Give back only the lines in the records below from the one with "Puffed Long Sleeves Elegant Black Dress" to the one with "0.16 Carat Baguette", both inclusive, word for word.

=== Study material ===

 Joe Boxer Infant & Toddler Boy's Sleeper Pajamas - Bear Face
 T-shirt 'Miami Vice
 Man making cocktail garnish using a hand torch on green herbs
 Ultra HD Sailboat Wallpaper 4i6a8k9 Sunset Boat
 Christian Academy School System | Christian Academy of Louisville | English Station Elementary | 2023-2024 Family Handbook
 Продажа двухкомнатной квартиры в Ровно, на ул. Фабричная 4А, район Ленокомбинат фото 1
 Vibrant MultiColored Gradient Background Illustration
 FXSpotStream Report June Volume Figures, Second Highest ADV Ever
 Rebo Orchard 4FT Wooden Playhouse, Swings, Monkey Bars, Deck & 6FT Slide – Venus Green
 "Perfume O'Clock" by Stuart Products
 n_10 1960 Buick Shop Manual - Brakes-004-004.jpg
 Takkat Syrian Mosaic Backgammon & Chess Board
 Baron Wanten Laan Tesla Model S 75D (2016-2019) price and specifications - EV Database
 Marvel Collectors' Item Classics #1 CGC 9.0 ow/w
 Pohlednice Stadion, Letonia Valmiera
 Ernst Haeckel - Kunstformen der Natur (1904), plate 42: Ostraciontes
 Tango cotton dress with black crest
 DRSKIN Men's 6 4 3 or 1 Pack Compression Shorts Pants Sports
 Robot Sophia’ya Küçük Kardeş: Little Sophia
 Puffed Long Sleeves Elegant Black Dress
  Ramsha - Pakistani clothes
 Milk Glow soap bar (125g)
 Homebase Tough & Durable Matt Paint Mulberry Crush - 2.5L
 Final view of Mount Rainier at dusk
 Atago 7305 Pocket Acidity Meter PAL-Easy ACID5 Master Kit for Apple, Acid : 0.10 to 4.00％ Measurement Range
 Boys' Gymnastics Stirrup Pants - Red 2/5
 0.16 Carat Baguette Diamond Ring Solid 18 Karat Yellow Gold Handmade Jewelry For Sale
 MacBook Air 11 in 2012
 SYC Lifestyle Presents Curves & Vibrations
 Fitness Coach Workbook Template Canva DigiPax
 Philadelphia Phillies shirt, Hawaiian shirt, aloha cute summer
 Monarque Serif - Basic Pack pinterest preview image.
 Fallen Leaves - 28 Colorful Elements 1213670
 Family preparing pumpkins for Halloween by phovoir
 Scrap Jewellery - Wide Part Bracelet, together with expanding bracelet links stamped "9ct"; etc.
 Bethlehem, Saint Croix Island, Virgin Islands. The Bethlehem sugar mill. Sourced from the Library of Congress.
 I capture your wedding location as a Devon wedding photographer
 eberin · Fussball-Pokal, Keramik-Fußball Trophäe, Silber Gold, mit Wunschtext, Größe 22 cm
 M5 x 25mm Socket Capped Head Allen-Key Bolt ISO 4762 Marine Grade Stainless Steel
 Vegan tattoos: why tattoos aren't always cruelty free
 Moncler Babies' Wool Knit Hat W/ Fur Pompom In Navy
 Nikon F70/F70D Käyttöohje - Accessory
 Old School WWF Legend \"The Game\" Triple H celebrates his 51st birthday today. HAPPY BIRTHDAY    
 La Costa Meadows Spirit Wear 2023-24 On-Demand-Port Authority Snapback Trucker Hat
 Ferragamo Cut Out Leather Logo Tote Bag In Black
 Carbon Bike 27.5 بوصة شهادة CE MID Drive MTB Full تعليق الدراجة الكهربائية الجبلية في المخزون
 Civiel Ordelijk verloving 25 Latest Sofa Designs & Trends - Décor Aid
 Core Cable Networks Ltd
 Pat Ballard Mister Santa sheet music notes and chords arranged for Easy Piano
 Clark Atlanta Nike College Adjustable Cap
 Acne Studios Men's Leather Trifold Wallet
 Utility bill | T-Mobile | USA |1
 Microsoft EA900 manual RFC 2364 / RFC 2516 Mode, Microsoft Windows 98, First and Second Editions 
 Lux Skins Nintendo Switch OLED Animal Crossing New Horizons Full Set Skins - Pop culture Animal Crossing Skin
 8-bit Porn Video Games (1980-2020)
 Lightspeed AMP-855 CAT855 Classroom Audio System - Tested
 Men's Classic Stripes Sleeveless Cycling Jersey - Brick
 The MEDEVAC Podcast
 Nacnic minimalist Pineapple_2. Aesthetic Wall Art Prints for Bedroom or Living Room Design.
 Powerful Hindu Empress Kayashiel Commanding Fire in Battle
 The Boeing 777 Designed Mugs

===

Answer to this problem:
 Puffed Long Sleeves Elegant Black Dress
  Ramsha - Pakistani clothes
 Milk Glow soap bar (125g)
 Homebase Tough & Durable Matt Paint Mulberry Crush - 2.5L
 Final view of Mount Rainier at dusk
 Atago 7305 Pocket Acidity Meter PAL-Easy ACID5 Master Kit for Apple, Acid : 0.10 to 4.00％ Measurement Range
 Boys' Gymnastics Stirrup Pants - Red 2/5
 0.16 Carat Baguette Diamond Ring Solid 18 Karat Yellow Gold Handmade Jewelry For Sale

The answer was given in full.